» **What you are asked to do**:
Pictures are to be dropped from the copy. Retype the listing exactly.

» **Exercise data**:
──────

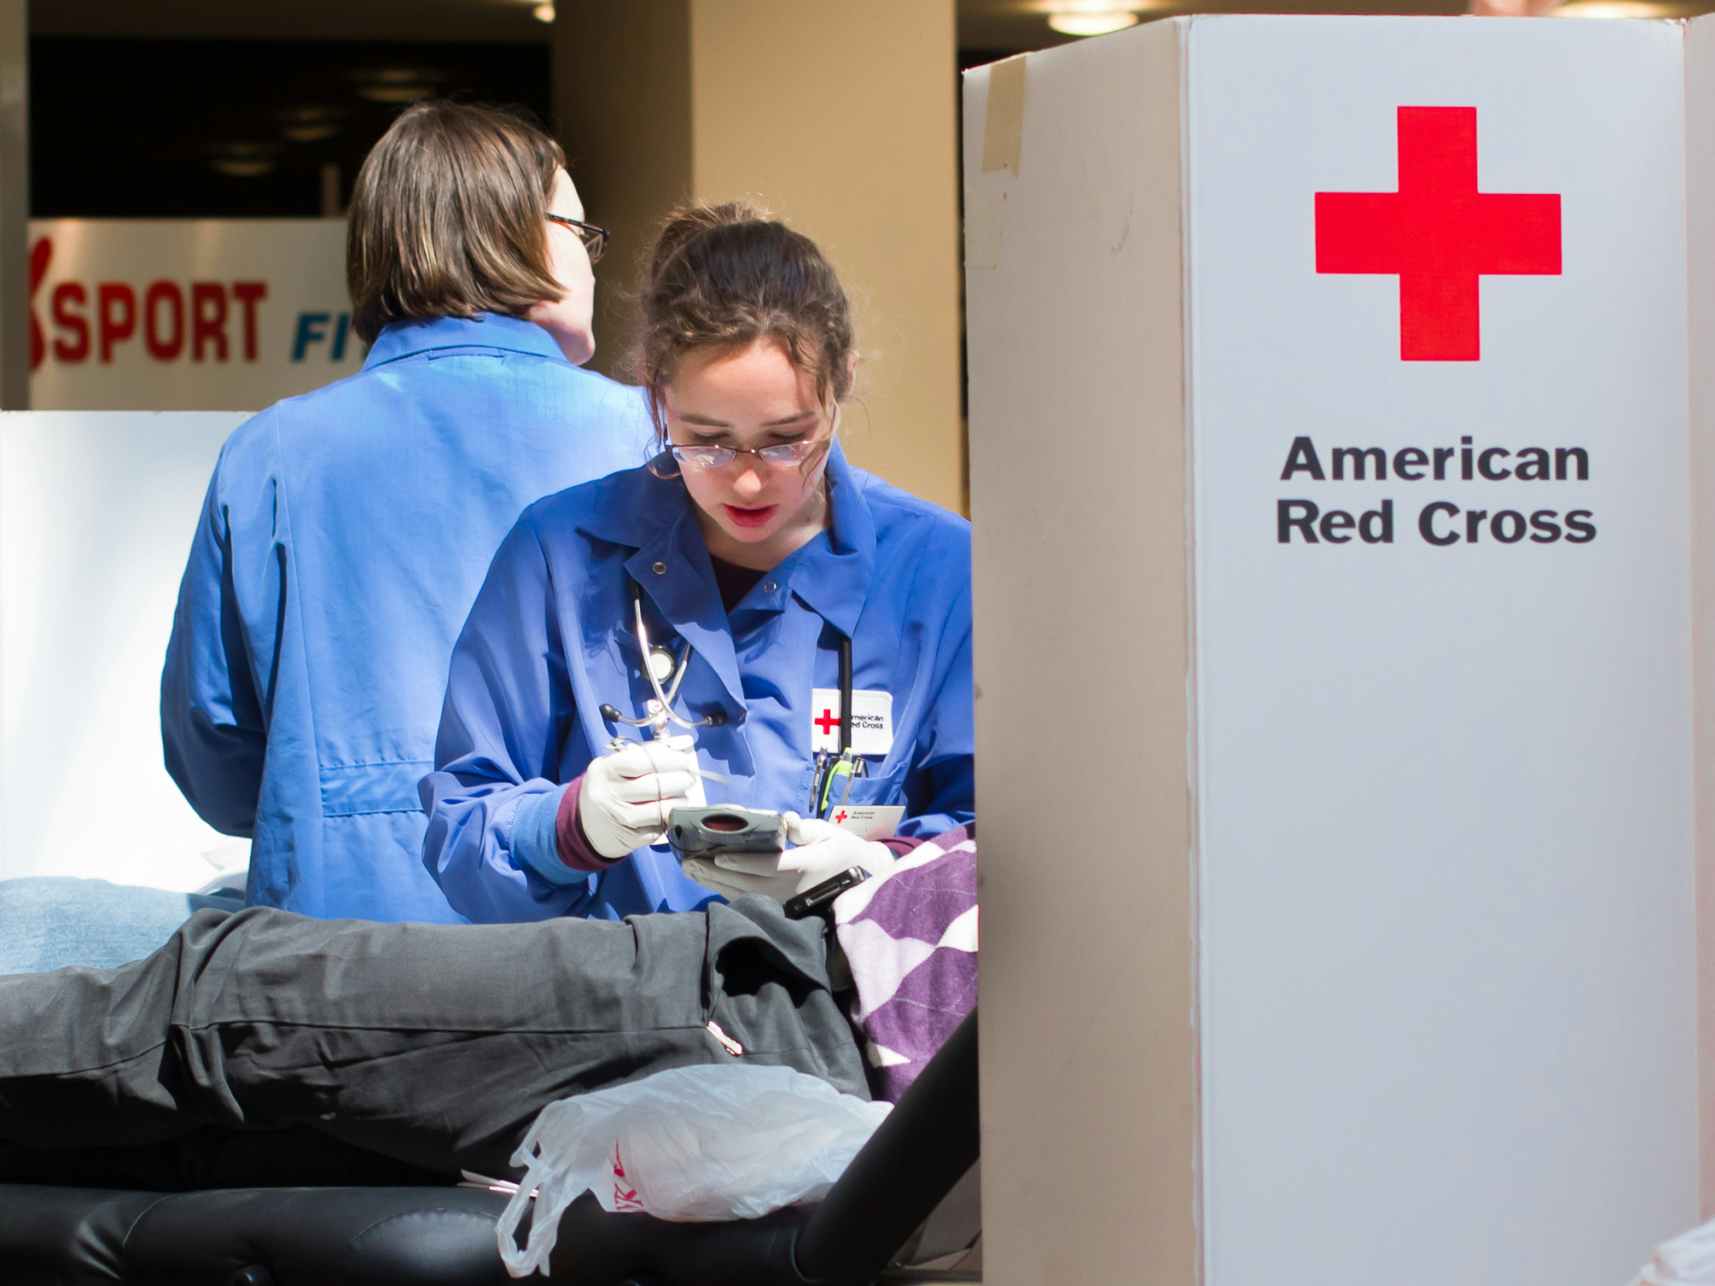 An American Red Cross healthcare professional taking blood from a donor
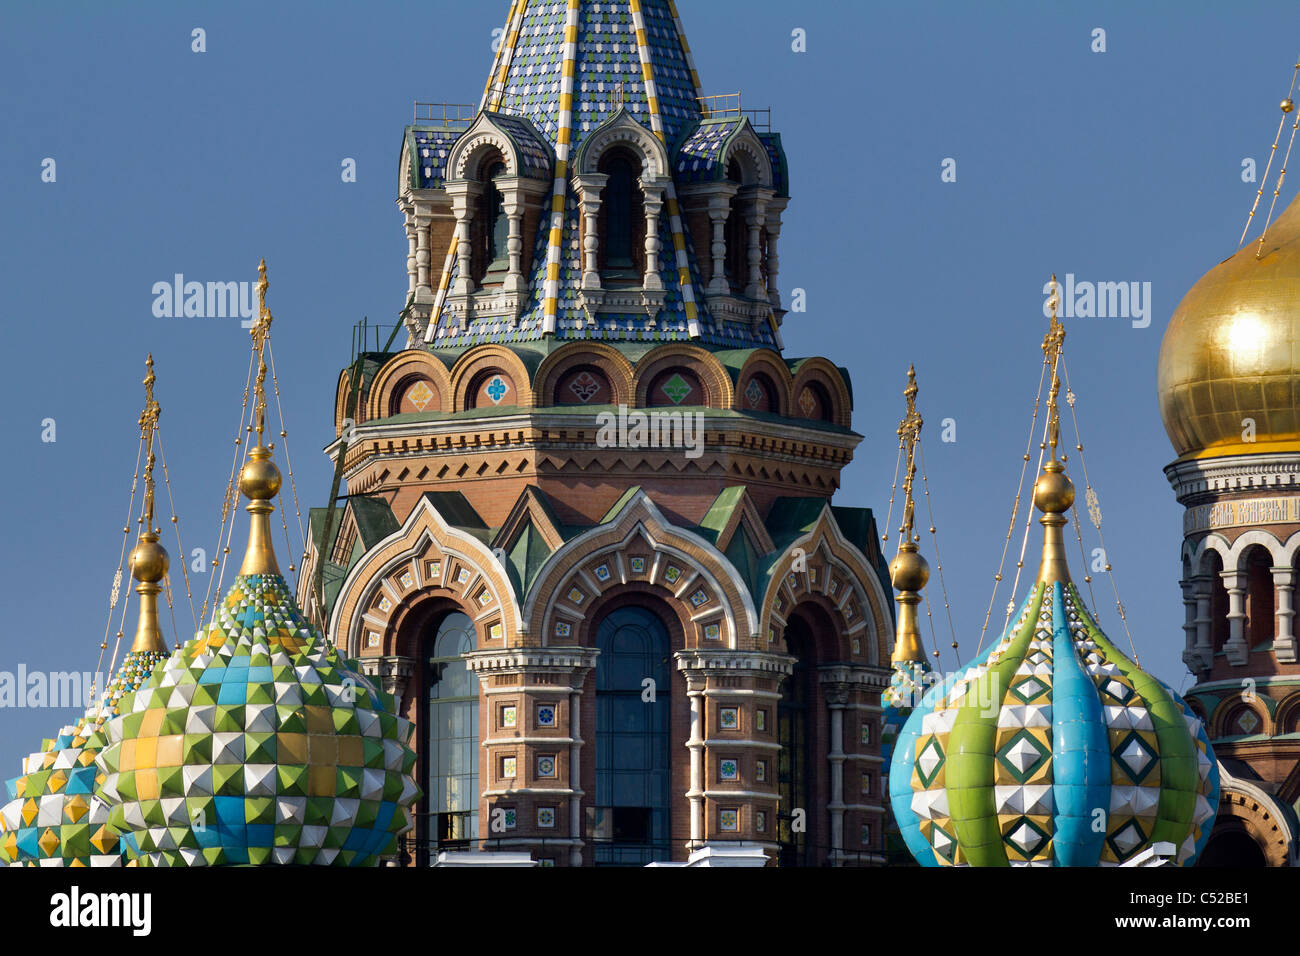 Church of the spilt blood, St Petersburg Russia 3 Stock Photo
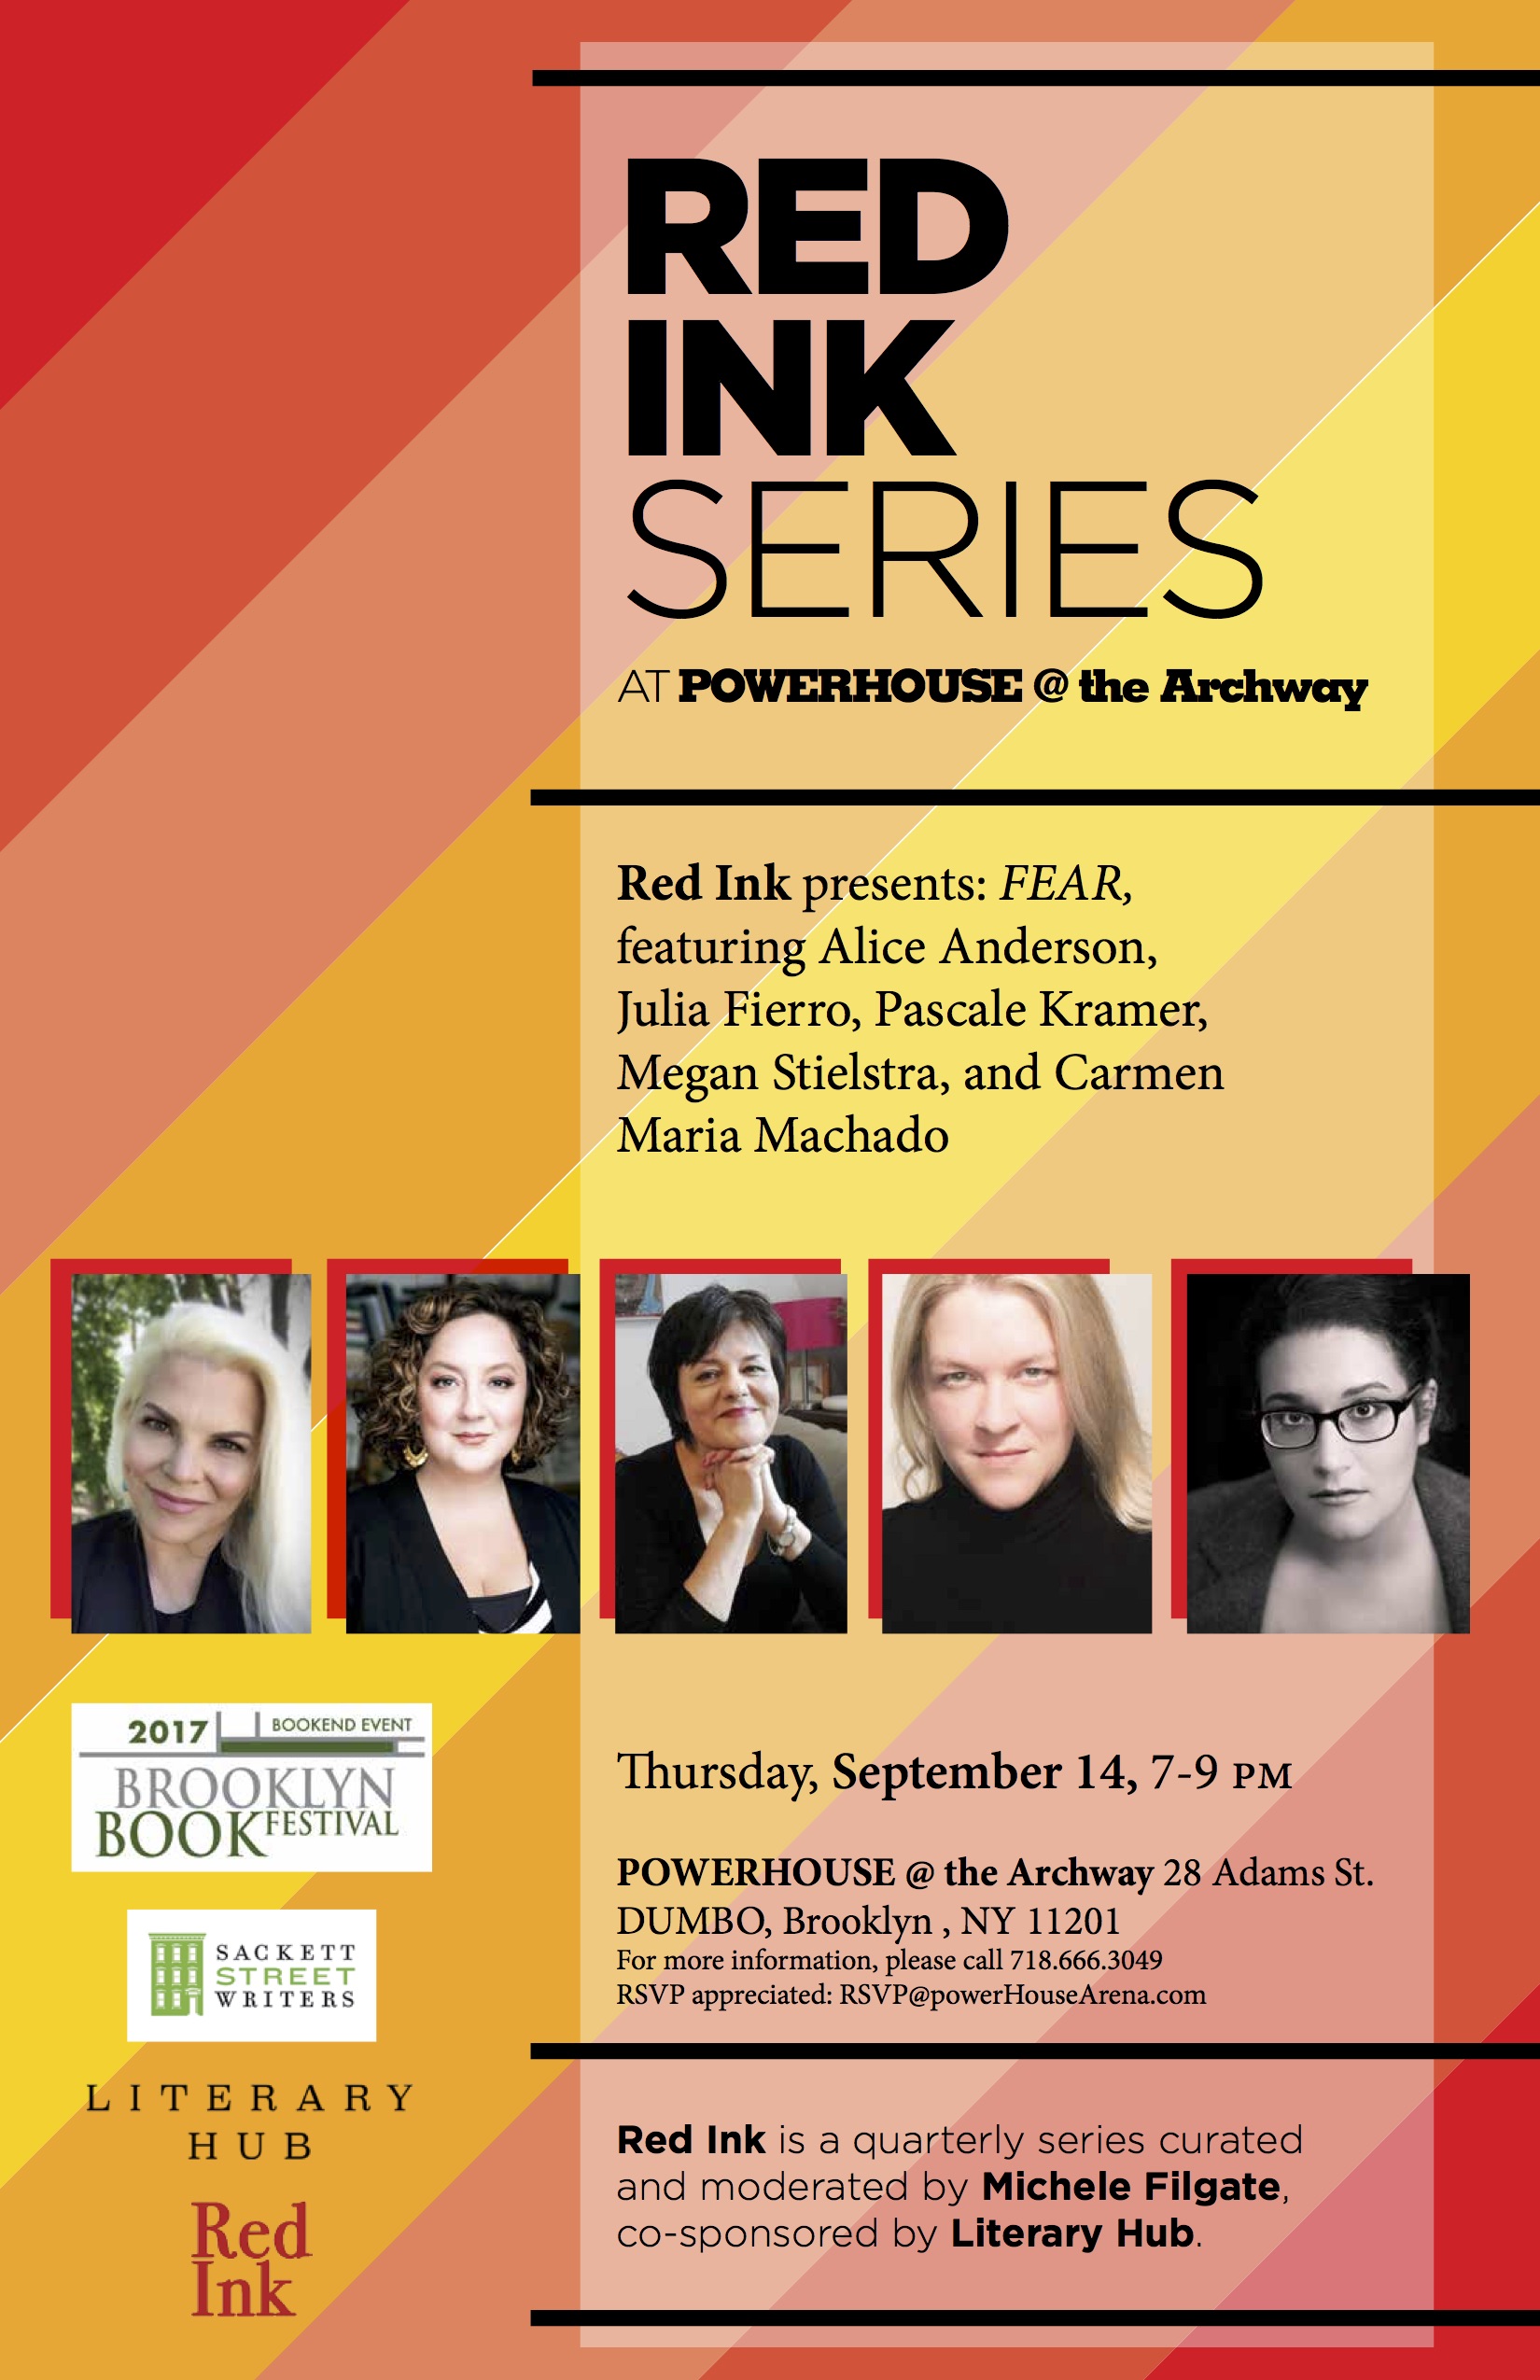 Red Ink Series: FEAR, hosted by Michele Filgate with Alice Anderson, Julia Fierro, Pascale Kramer, Megan Stielstra and Carmen Maria Machado

──────

» **Response**:
 An American Red Cross healthcare professional taking blood from a donor
 Church of the spilt blood, St Petersburg Russia 3 Stock Photo
 Red Ink Series: FEAR, hosted by Michele Filgate with Alice Anderson, Julia Fierro, Pascale Kramer, Megan Stielstra and Carmen Maria Machado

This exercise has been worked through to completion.